See, if the person throwing the party is my boss, I’m probably going. The negative consequences of not going outweigh the positive ones. But if the coworker is just a coworker, I might say that I can’t make it. If the person is closer to me, and I feel safe with them, I might explain my discomfort. Boundaries flex and change given the situation. The important thing to remember is that your boundary should reflect your needs and wants.

You stay on your train, and let other people stay on theirs. Your train may include going out of your way sometimes and it may not. You get to make that choice with your own needs in mind. A good boundary isn’t a “right” one, it’s just the best thing you can do in the moment.*

Some more thoughts on boundaries:

1. You do not have to explain a boundary. A simple statement is allowed. Explanations are always your choice.

2. You will eventually upset someone setting a boundary–even someone you care about. Healthy relationships can survive this.

3. If you are trying never to hurt anyone or make anyone mad at you, you may discover you don’t have clean boundaries between you and others.

4. Boundaries feel “right” from your head to your feet.

5. You may feel guilty setting a boundary, but you will never feel you betrayed yourself.

6. Sometimes over correction happens when you start setting boundaries. That’s okay, we are also allowed to be flexible and change our minds.

7. Resentment toward others is a good way to know if you’ve done a bad job setting boundaries.

8. You are allowed to have boundaries that feel good but make no logical sense.

9. You are allowed to take a moment/minute/hour before giving an answer to any question. If you need a time out to figure out what you feel and what you need, take it.

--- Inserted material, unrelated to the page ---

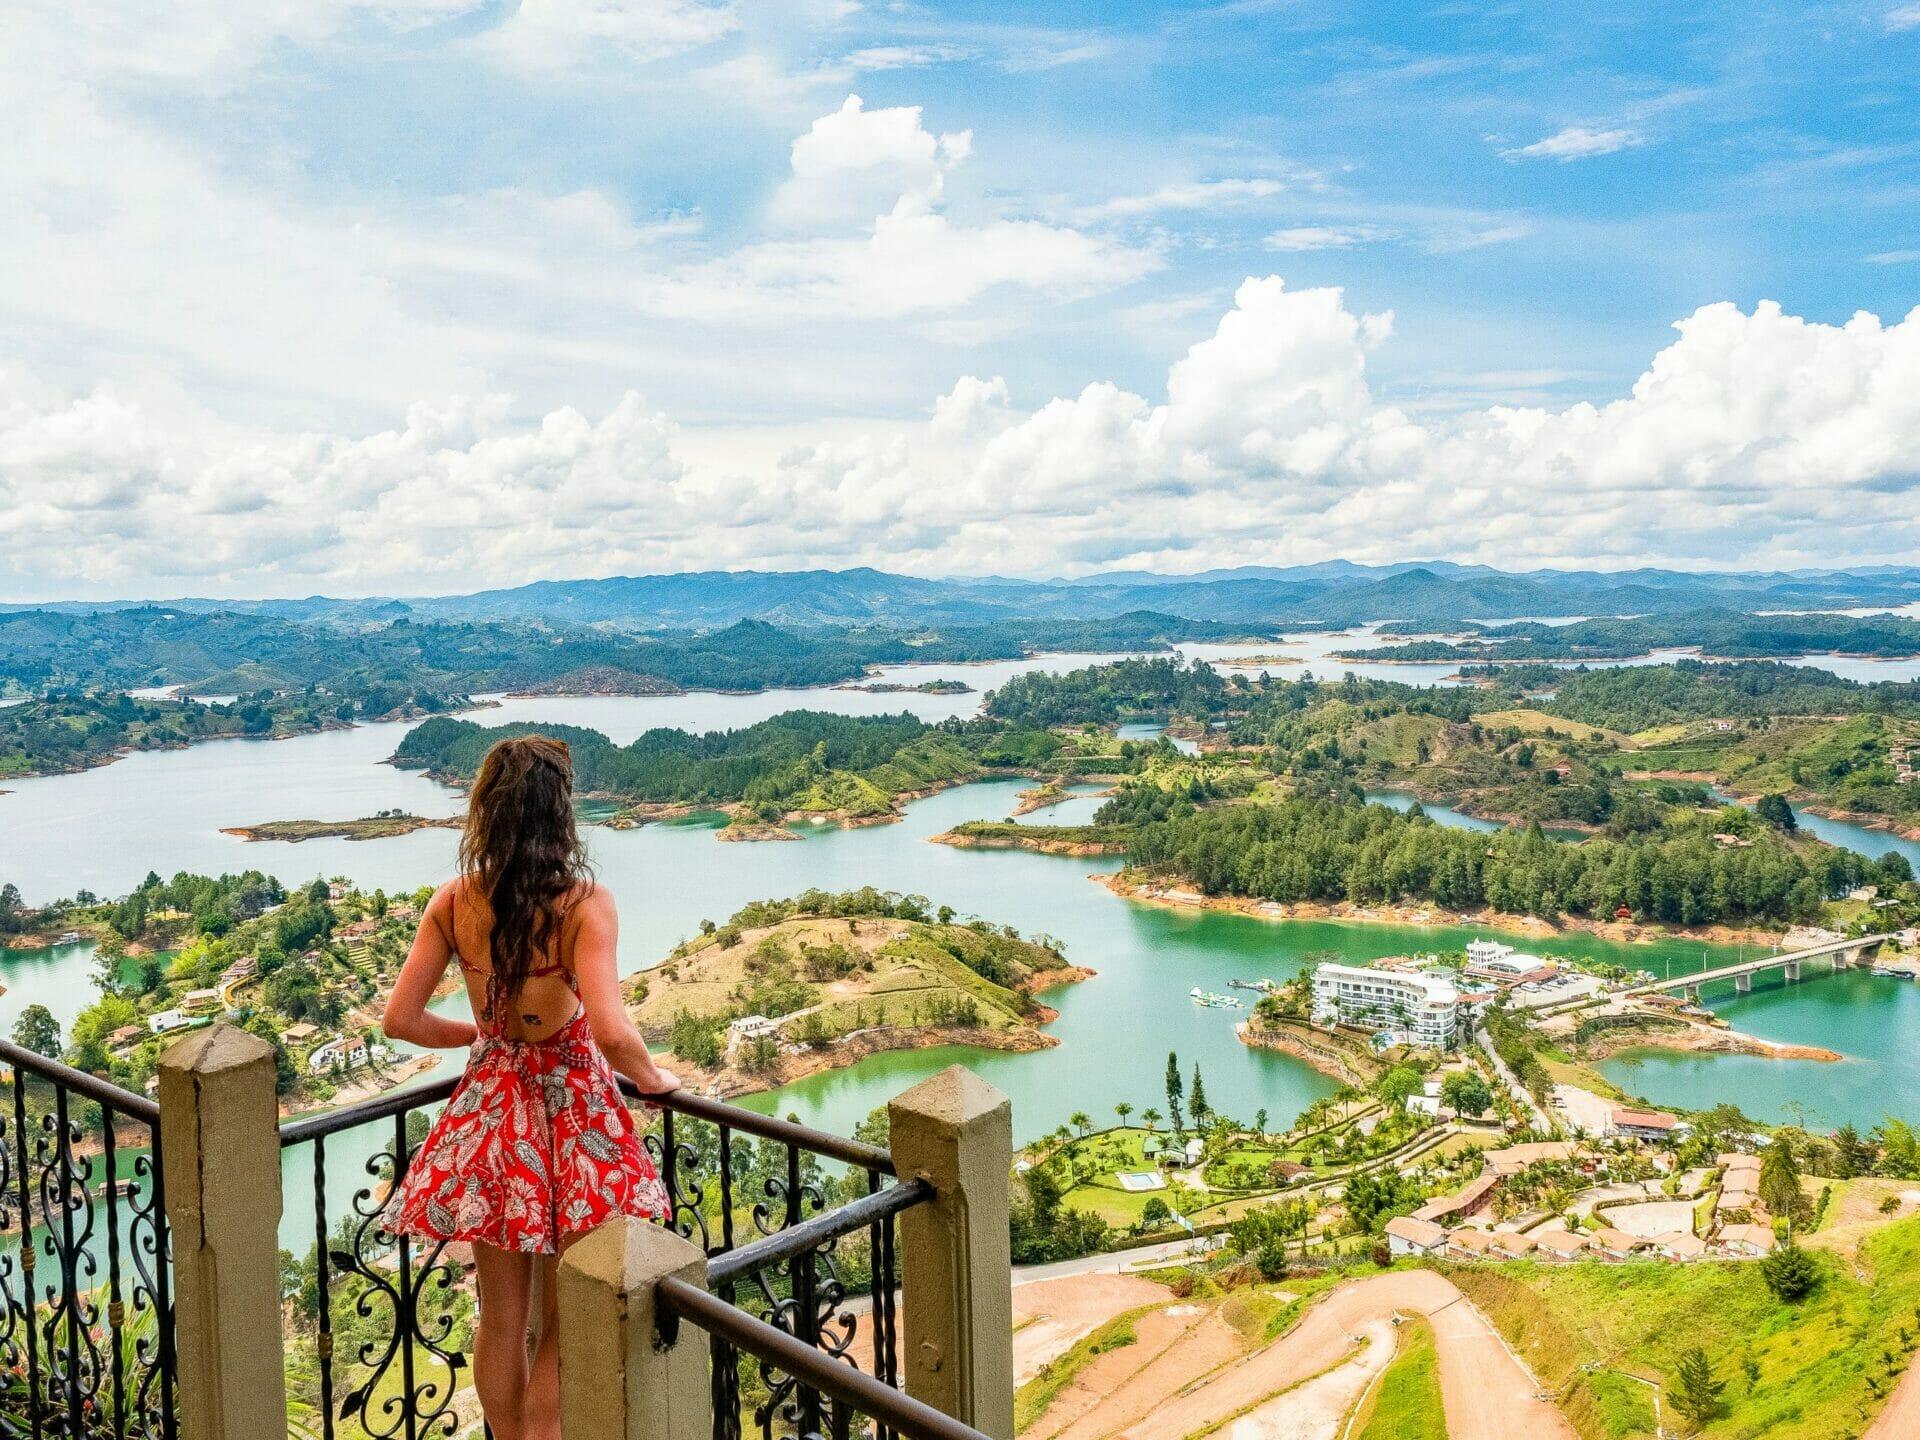 Girl climbing La Piedra overlooking lake Guatapé

You can use any explanation but I find the best one is simply “I don’t know, let me think about it and get back to you.”

10. Boundaries change over time. That’s allowed. Things that were hard or unpleasant might be okay in the future. Stay mindful, see what happens.

11. If you missed a chance to set a boundary, then good for you for noticing! Keep that up, and next time you’ll be able to do things differently.

You are your own best advocate. No one will ever have your back as well as you can, because no one can ever know what you need and want as well as you do. Spend some time listening to yourself, and then practice advocating. It is a practice, and it is okay to feel awkward at first. Don’t jump your train, guys. Stay firm, stay in your own truth. It is hard, and scary, and I think it is worth it.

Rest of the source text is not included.